### [Task prompt]
Copy exactly the stretch of data below from the line with "sparkly black shawl - super soft" through the line with "Semi Rounded Sans Serif 7预览图片", including both of those lines.

******************************

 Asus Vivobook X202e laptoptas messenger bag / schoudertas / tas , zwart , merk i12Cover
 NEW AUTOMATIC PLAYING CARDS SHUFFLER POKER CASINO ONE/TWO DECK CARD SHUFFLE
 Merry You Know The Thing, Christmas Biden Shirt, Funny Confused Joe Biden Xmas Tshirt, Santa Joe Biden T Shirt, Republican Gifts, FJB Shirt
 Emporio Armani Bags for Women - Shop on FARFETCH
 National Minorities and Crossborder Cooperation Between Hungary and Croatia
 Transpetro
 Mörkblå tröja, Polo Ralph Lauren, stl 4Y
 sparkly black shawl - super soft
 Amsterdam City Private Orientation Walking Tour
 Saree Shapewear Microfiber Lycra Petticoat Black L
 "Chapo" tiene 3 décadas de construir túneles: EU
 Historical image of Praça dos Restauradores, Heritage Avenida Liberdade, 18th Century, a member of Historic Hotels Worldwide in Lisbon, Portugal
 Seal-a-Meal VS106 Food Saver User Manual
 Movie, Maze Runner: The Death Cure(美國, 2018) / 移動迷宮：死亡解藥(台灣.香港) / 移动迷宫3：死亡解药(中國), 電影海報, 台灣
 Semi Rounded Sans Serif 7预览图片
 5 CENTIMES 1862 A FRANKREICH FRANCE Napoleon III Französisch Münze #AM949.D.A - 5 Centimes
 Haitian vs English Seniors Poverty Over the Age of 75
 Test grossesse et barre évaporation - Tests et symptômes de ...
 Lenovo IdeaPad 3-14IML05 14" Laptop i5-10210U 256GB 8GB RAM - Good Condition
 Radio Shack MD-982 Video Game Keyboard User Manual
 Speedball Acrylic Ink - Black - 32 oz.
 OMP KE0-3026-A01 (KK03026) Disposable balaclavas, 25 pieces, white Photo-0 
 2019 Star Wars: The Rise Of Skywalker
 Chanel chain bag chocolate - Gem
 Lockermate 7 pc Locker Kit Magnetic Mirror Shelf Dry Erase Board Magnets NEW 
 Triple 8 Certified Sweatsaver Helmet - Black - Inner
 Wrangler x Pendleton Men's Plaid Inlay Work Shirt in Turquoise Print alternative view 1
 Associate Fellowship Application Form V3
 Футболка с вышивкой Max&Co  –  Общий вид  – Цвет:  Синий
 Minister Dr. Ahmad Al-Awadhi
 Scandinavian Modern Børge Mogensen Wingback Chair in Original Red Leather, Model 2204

******************************

### [Response to the task]
 sparkly black shawl - super soft
 Amsterdam City Private Orientation Walking Tour
 Saree Shapewear Microfiber Lycra Petticoat Black L
 "Chapo" tiene 3 décadas de construir túneles: EU
 Historical image of Praça dos Restauradores, Heritage Avenida Liberdade, 18th Century, a member of Historic Hotels Worldwide in Lisbon, Portugal
 Seal-a-Meal VS106 Food Saver User Manual
 Movie, Maze Runner: The Death Cure(美國, 2018) / 移動迷宮：死亡解藥(台灣.香港) / 移动迷宫3：死亡解药(中國), 電影海報, 台灣
 Semi Rounded Sans Serif 7预览图片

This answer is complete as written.